Модель самолета Пе-8 .
На  самолете Пе-8 с красной единицей на хвосте летал мой дед во время войны.
Автор модели - Владимир(Nazar).
Огромное спасибо, Владимир!!!
По-моему, получилось просто суперски. Красотища!!!!!

----------


## An-Z

:Smile:  Рад за вас! Хорошая память, хорошая модель!

----------


## Nazar

Я рад что модель Вам понравилась, очень хорошо что Вы помните славную историю своих предков.
Так-же приятны отзывы о самой модели, я старался сделать все предельно аккуратно, но можно было сделать еще лучше, в плане копийности, если было-бы больше информации о конкретном борте, на котором летал Ваш дед.

Еще раз спасибо за добрые слова. :Smile:

----------


## Psy06

> Хвастаюсь!!!!
> Модель самолета Пе-8 .
> На  самолете Пе-8 с красной единицей на хвосте летал мой дед во время войны.
> Автор модели - Владимир(Nazar).
> Огромное спасибо, Владимир!!!
> По-моему, получилось просто суперски. Красотища!!!!!


Ув. Lisachev, давно и безуспешно пытаюсь с вами связаться, позвольте пообщаться с вами приватно? Я авиаисторик, занимаюсь Пе-8.
мой почтовый адрес psy06 "собака" bk.ru

2Nazar по модели, такой версии как вы собрали не было в природе, вы к обычному Пе-8 приделали хвост от Пе-8ОН. И окраска довоенная, сабж по определению не мог быть так окрашен.

42086 выпущен в 41м году с дизельными моторами М-30 потом переоборудован на АМ-35А, однотипные с ним машины 42066 сверху и 42076 снизу.

6я серия в своем первоначальном виде, 41й год:

----------


## Nazar

> 2Nazar по модели, такой версии как вы собрали не было в природе, вы к обычному Пе-8 приделали хвост от Пе-8ОН. И окраска довоенная, сабж по определению не мог быть так окрашен.
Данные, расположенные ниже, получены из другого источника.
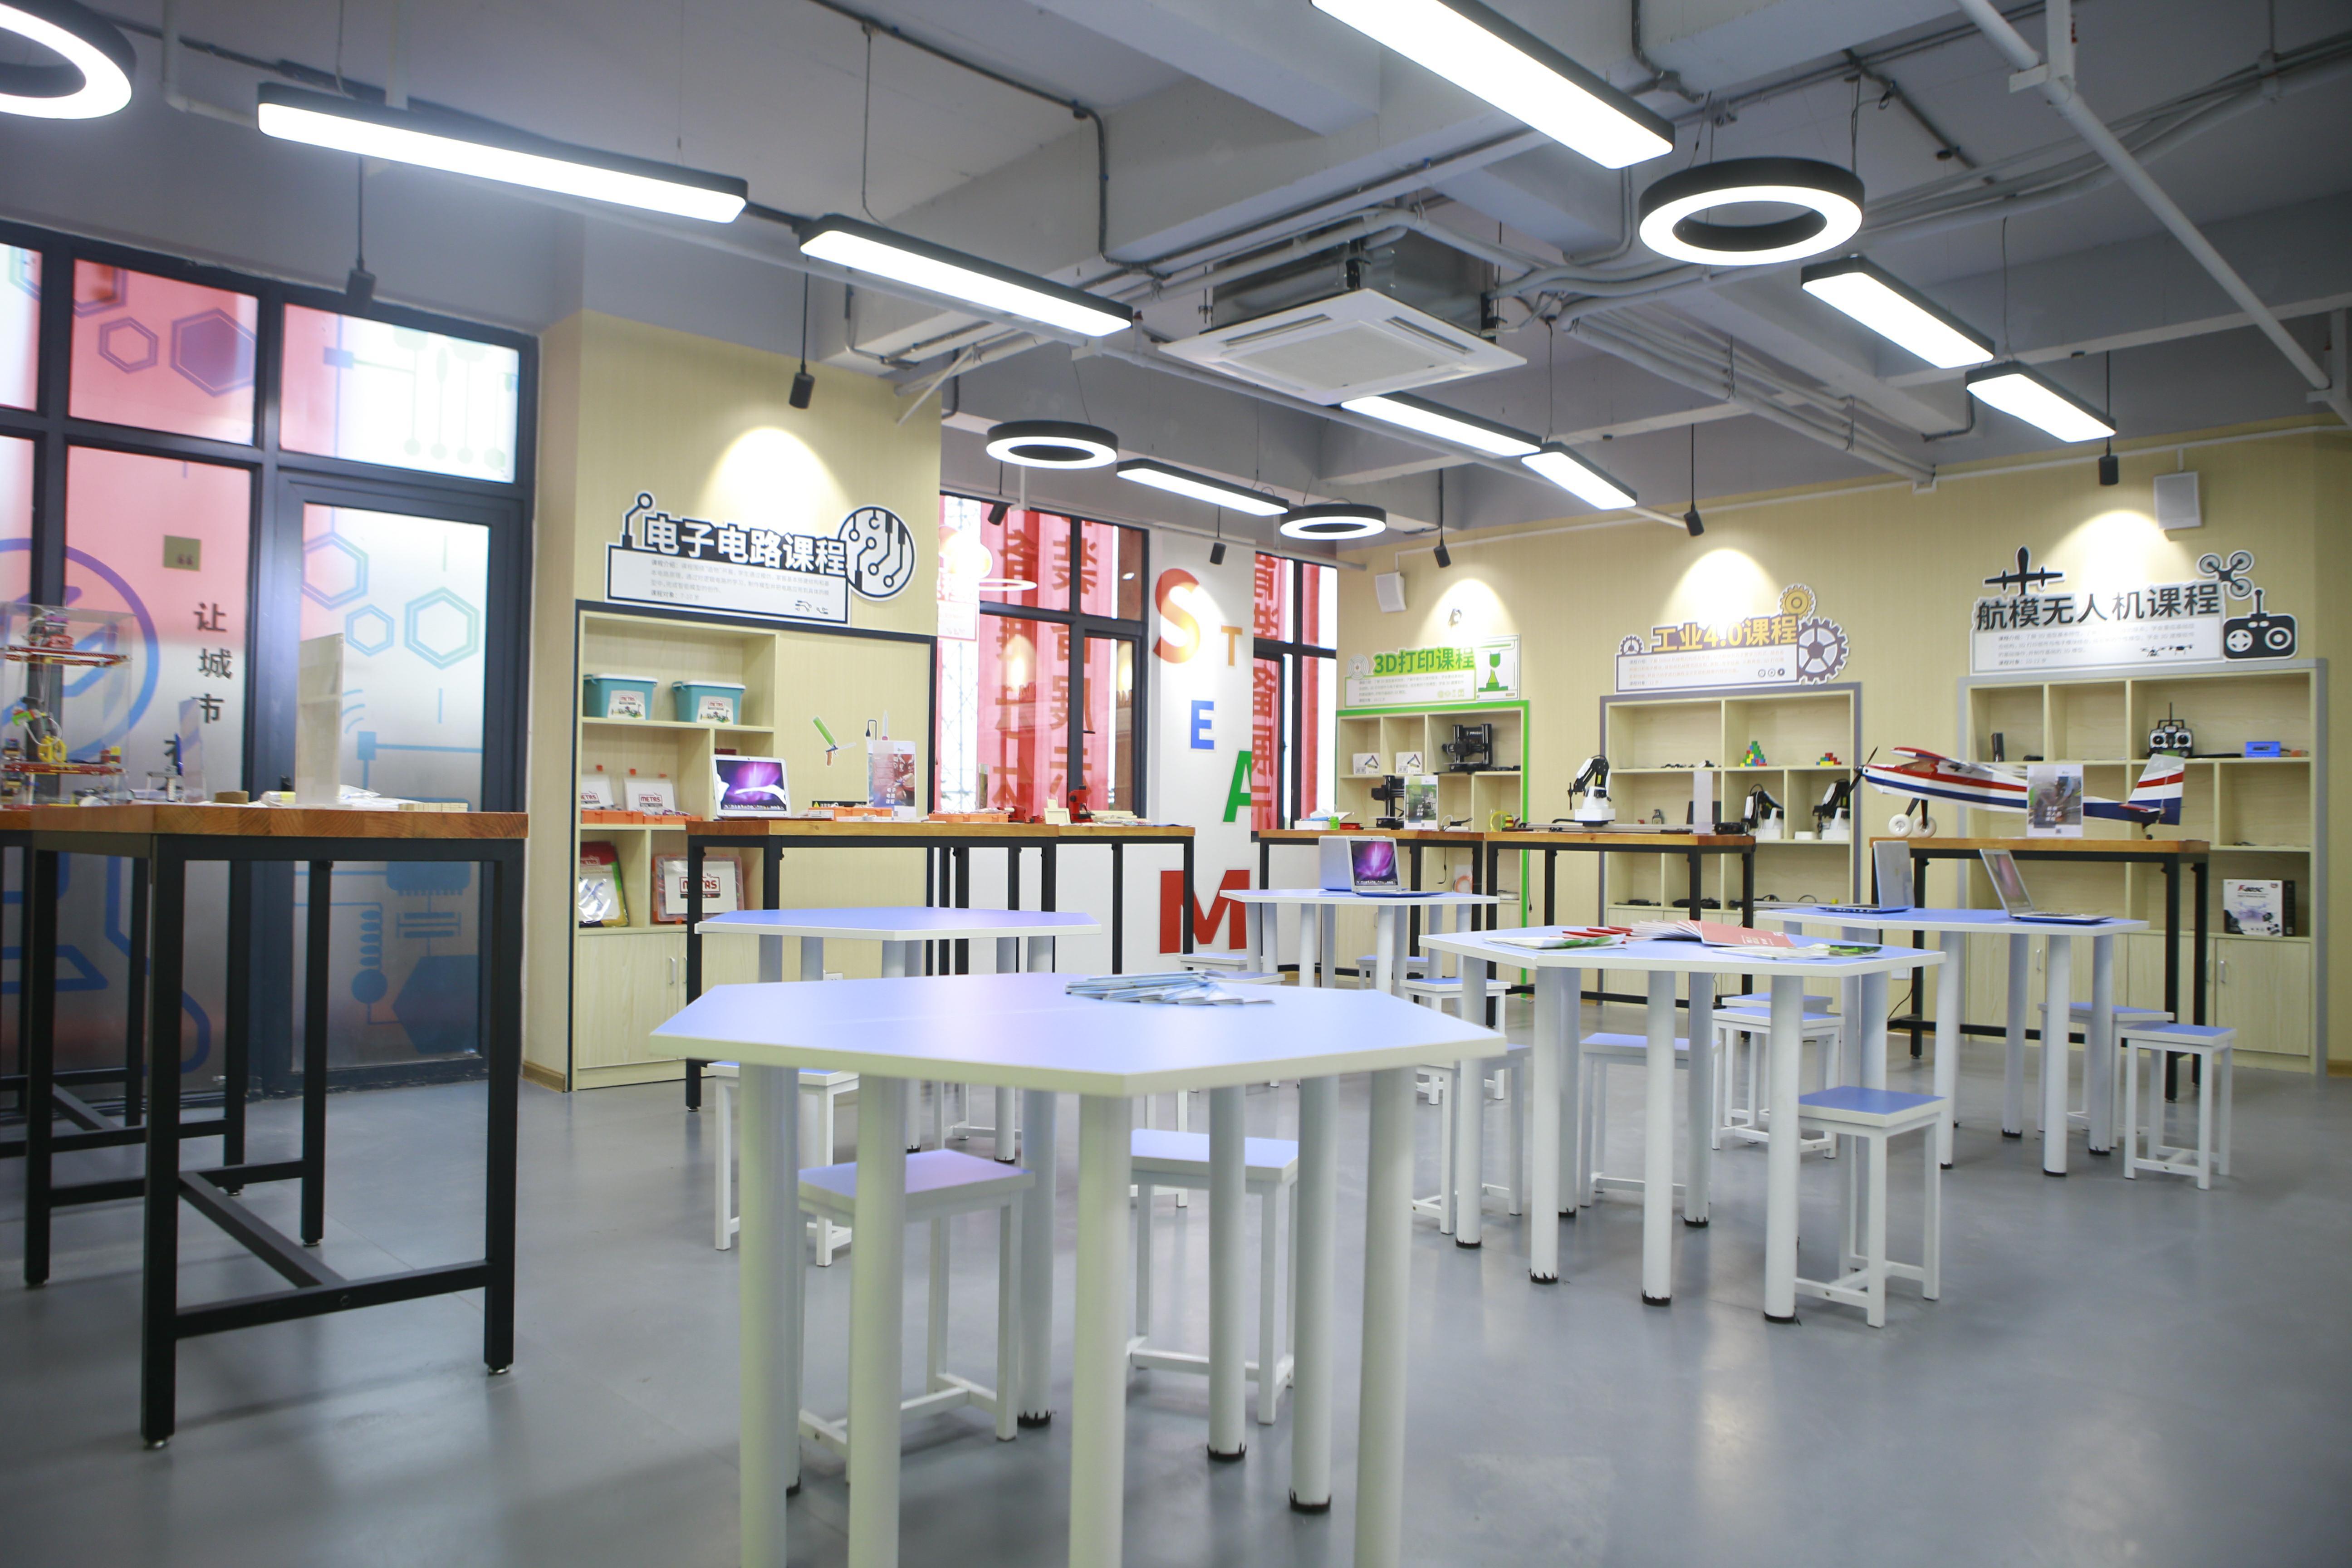 创客教学设备,创客教室配置

Я никогда не интересовался самолетом Пе-8, если честно, да и вообще редко интересуюсь авиацией дореактивной эпохи.
Модель была выполнена по пожеланиям заказчика, это я о достоверности окраски.

----------


## Lisachev

> Ув. Lisachev, давно и безуспешно пытаюсь с вами связаться, позвольте пообщаться с вами приватно? Я авиаисторик, занимаюсь Пе-8.
> мой почтовый адрес psy06 "собака" bk.ru
> 
> 2Nazar по модели, такой версии как вы собрали не было в природе, вы к обычному Пе-8 приделали хвост от Пе-8ОН. И окраска довоенная, сабж по определению не мог быть так окрашен.
> 
> 42086 выпущен в 41м году с дизельными моторами М-30 потом переоборудован на АМ-35А, однотипные с ним машины 42066 сверху и 42076 снизу.
> 
> 6я серия в своем первоначальном виде, 41й год:


      Уважаемый Psy06 !!!!!!
  Модель, которую сделал Владимир (Nazar),-одна из лучших моделей Пе-8, какие только существуют на сегодняшний день, и я очень благодарен Владимиру, за то что она теперь у меня есть. Мне в ней все нравится(ни одной достоверно точной цветной фотографии этого самолета я не имею). Если сможете сделать модель лучше и точнее, с удовольствием посмотрю.
 И, если не сложно,то по окраске Пе-8, поделитесь ,пожалуйста, источником информации, очень интересно.
С уважением, Лисачев Олег
P.S. Вот окраска модели аналогичного самолета, сделанная ветеранами полка, которая находится в музее в Дягилево. (Возможно незначительное искажение цветопередачи на фотографиях)

----------


## Nazar

> Модель, которую сделал Владимир (Nazar),-одна из лучших моделей Пе-8, какие только существуют на сегодняшний день


Спасибо конечно еще раз за добрые слова, но это утверждение не верно, по крайней мере, я так точно не считаю, но в то-же самое время очень рад, что именно Вам эта модель нравится, в принципе только для этого она и делалась.

----------